136. Electromotive force induction in moving conductors

If the conductor moves in a magnetic field that is constant in time, the EMF induction in the conductor will not come from a vortex electric field (this field simply does not exist), but from another cause.

When a conductor moves, its free charges move with it. Therefore, the Lorentz force will act on the charges from the magnetic field. That's what causes the charges to move inside the conductor. EMF induction therefore has "magnetic origin".

In many power plants it is the Lorentz force that causes the electrons to move in moving conductors.

Let's calculate the EMF induction for a rectangular circuit placed in a homogeneous magnetic field (fig. 1). Let the \(AB=l\) side of the loop move at a constant velocity \(\overrightarrow{\upsilon}\) along the \(BC\) and \(AD\) sides, remaining parallel to the \(CD\) side all the time. The electrical circuit will be closed and the inductive current can be detected by a galvanometer. The induction vector \(\overrightarrow{B}\) of homogeneous magnetic field is perpendicular to the conductor \(AB\) and sets angle \(\alpha\) with the direction of its velocity.
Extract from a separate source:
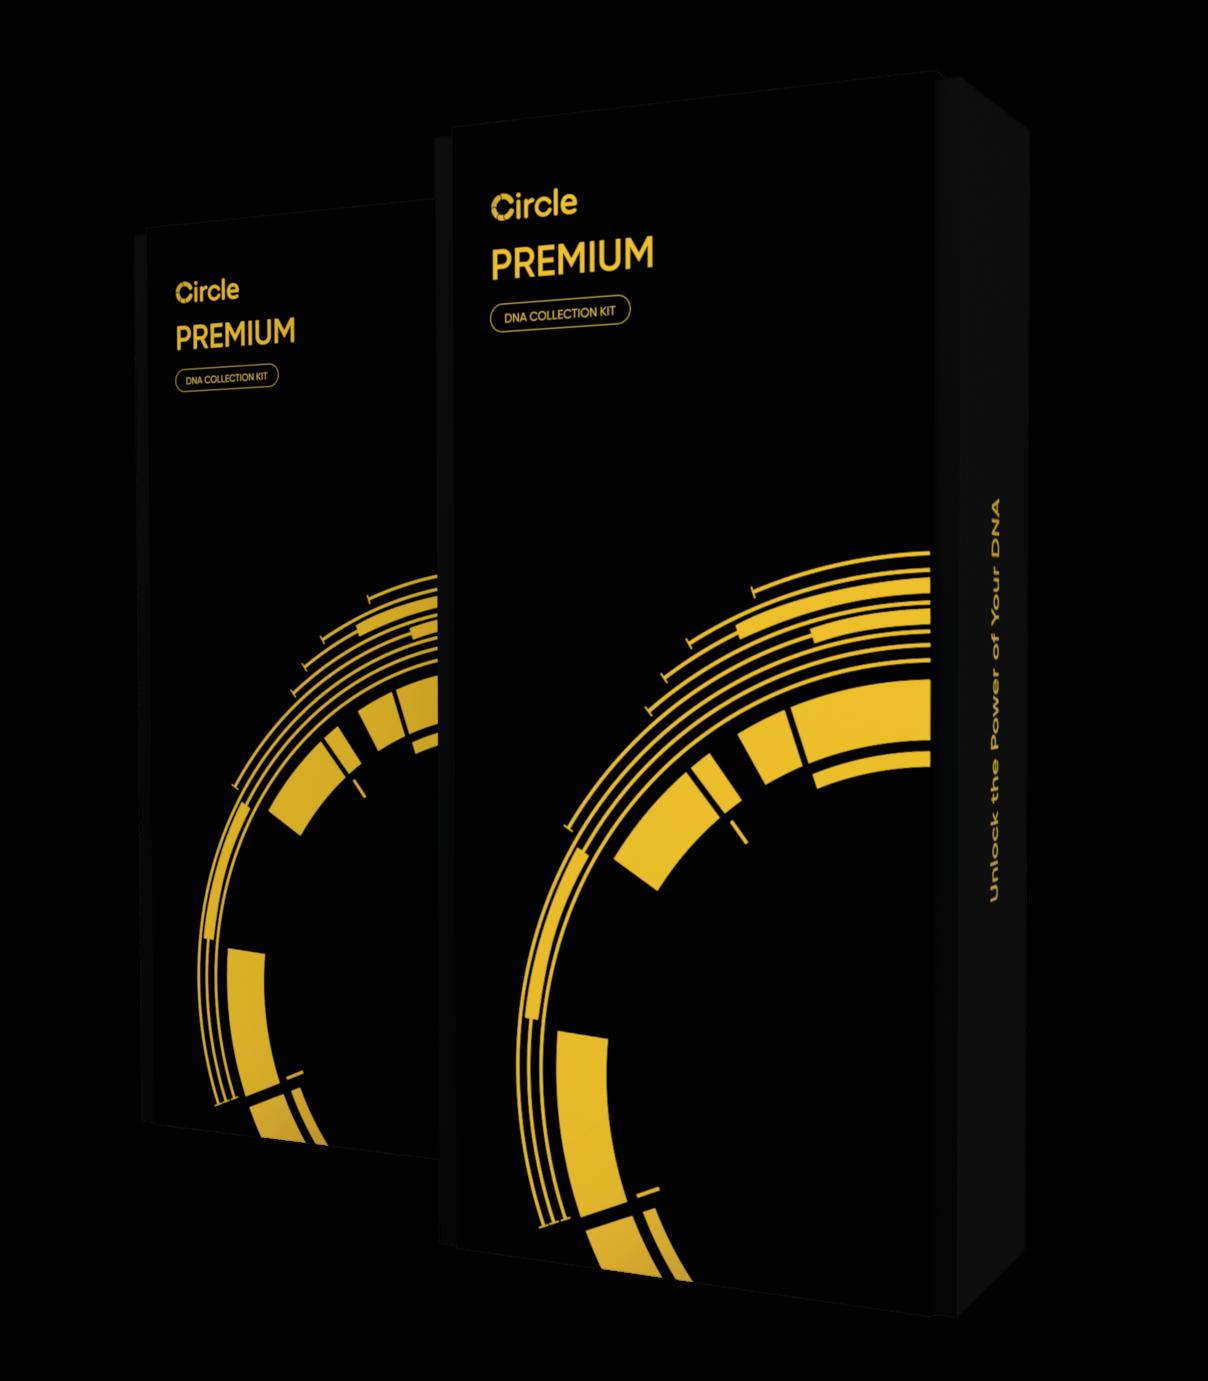 Dịch vụ xét nghiệm GEN Circle Premium, cách mạng công nghệ đột phá.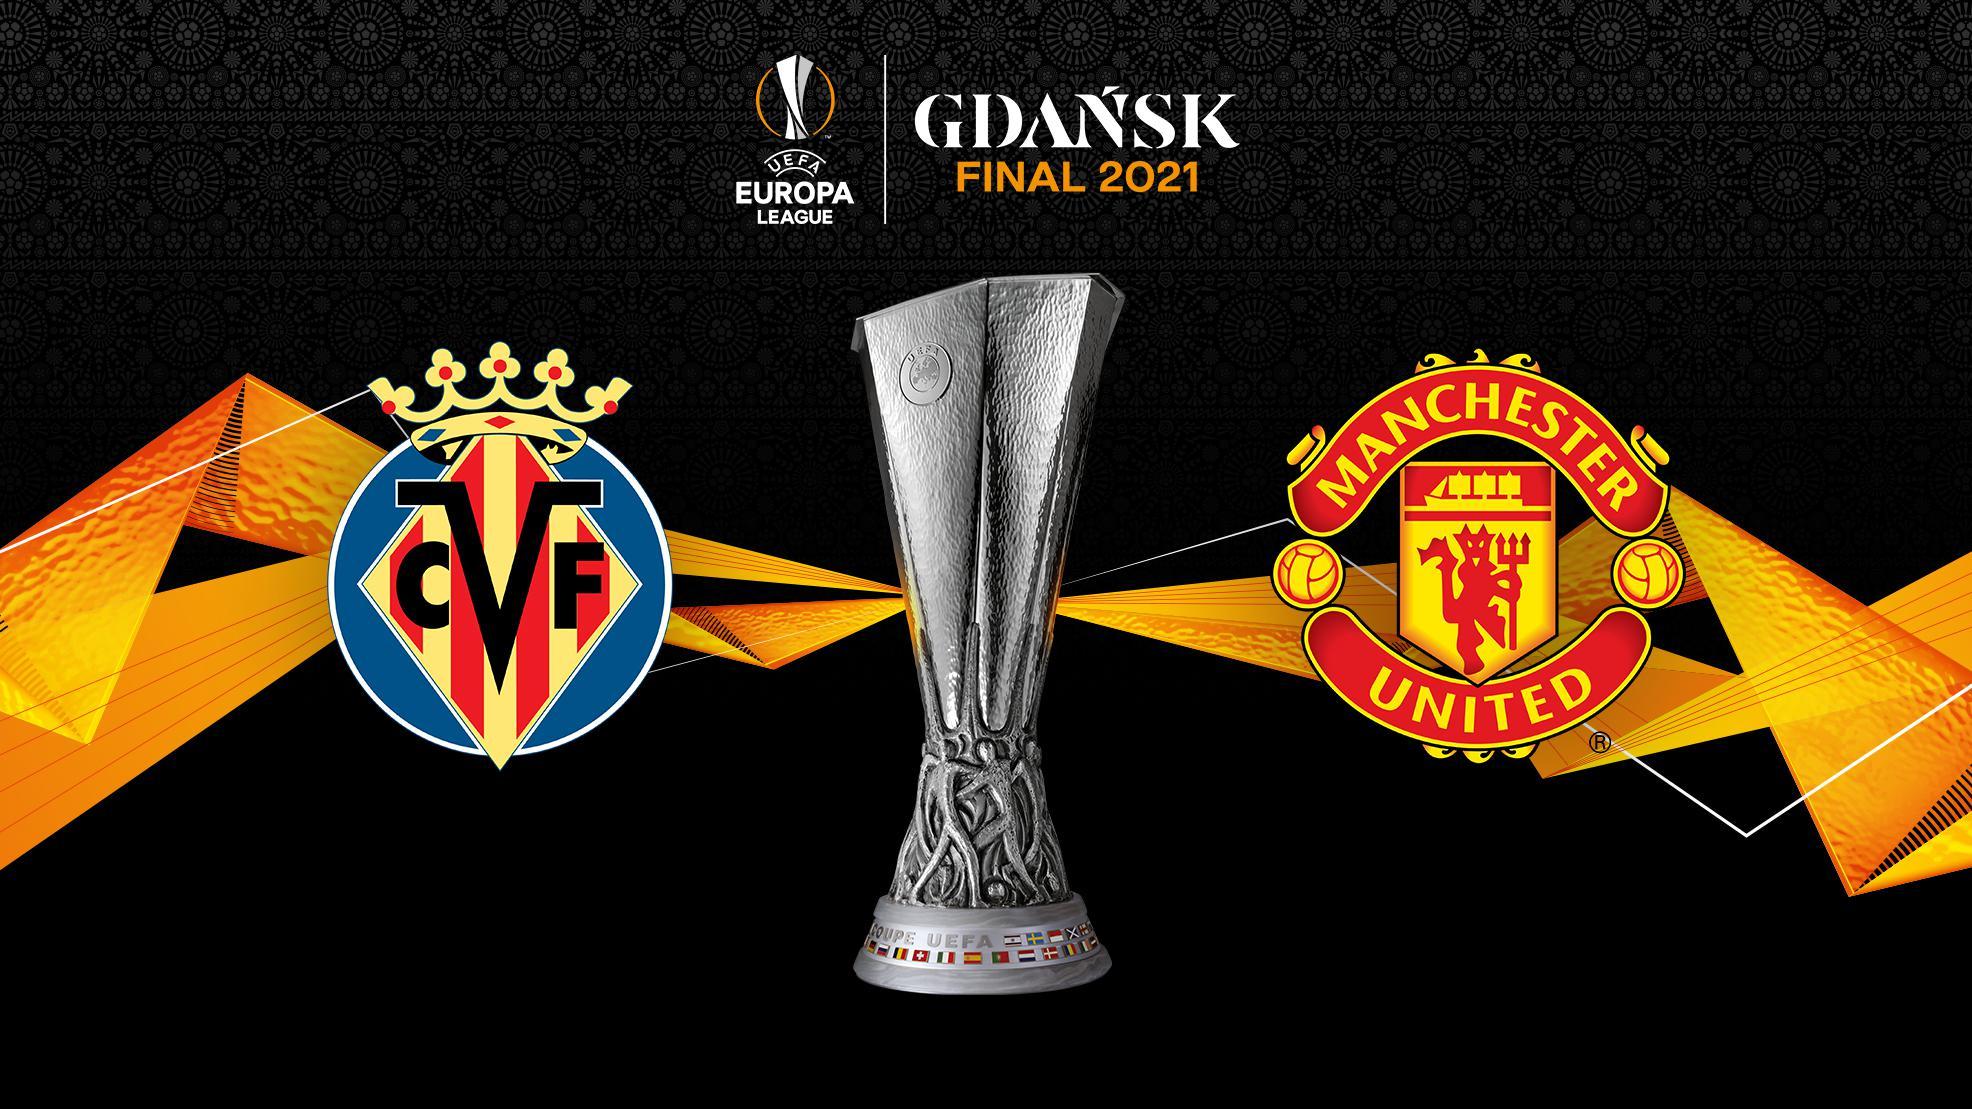 Premier League đã có thể có vòng đấu 40 tại châu Âu nếu Villarreal không hạ Arsenal để đá trận chung kết Europa League với Man United

The force, which acts on the charged particle from the magnetic field side (see \(\S{128}\)), is equal in modulus

\( F_m \,= \,|q_0|\,\upsilon\,B\,sin{\alpha} \) (12-3)

This force is directed along conductor \(AB\). The work of the Lorentz force to move a single charge along the conductor at distance \(l\) is equal to

\( W \,= \,F_m\,l \,= \,|q_0|\,\upsilon\,B\,l\,sin{\alpha} \)

Electromotive force induction in conductor \(AB\) is equal to the ratio of Work for moving a single charge \(q_0\) to this Charge

\( \Large{\varepsilon}\small{_i} \,= \,\frac{W}{q_0} \,= \,\upsilon\,B\,l\,sin{\alpha} \) (12-4)

This equation is true for any conductor with length \(l\) moving at a speed of \(\overrightarrow{\upsilon}\) in a homogeneous magnetic field.

In other conductors of the circuit EMF is equal to zero because the conductors are fixed. Consequently, EMF in the entire \(ABCD\) circuit is equal to \(\Large{\varepsilon}\small{_i}\) and remains constant if the velocity \(\overrightarrow\upsilon\) is constant. The electric current will increase as the displacement of the \(AB\) conductor to the right decreases the total resistance of the circuit.

On the other hand, EMF induction can be calculated using the electromagnetic induction law \((12-2)\). In fact, the magnetic flux through the \(ABCD\) circuit is

\( \Phi_B \,= \,B\,A\,cos{(90^0 - \alpha)} \,= \,B\,A\,sin{\alpha} \)

Where the angle \((90^0 - \alpha)\) is the angle between vector \(\overrightarrow{B}\) and normal \(\overrightarrow{n}\) to the loop surface (fig. 2), and \(A\) is the \(ABCD\,\) loop area. If we assume that at the initial moment \(t=0\) the conductor \(AB\) was at a distance \(BC\) from the conductor \(CD\), when the conductor is moved, loop area \(A\) changes as follows

\( A \,= \,|AB|(|BC| - \upsilon{t}) \)

In time \(\Delta{t}\), the area of the circuit changes by \(\Delta{A}=-l\,\upsilon\,{\Delta{t}}\). A "minus" sign indicates that it's decreasing. The change in magnetic flux during this time is \(\Delta(\Phi)=-B\,l\,\upsilon\,\Delta{t}\,sin{\alpha}\). Consequently,

\( \Large{\varepsilon}\small{_i} \,= \,\frac{\Delta{\Phi}}{\Delta{t}} \,= \,\upsilon\,B\,l\,sin{\alpha} \)

as it was obtained above (see equation \((12-4)\)).

Obviously, if the whole \(ABCD\) loop moves in a homogeneous magnetic field, keeping its orientation with respect to vector \(\overrightarrow{B}\), then the EMF induction in the loop is equal to zero, because the flux \(\Phi\) through the area bounded by the loop does not change. It can be explained in this way. When the loop moves, forces \((12-3)\), which occur in the \(AB\) and \(CD\) conductors, acting on charges from point \(A\) to point \(B\) and from point \(C\) to point \(D\). The total work of these forces when passing the circuit in a clockwise or counterclockwise direction is equal to zero.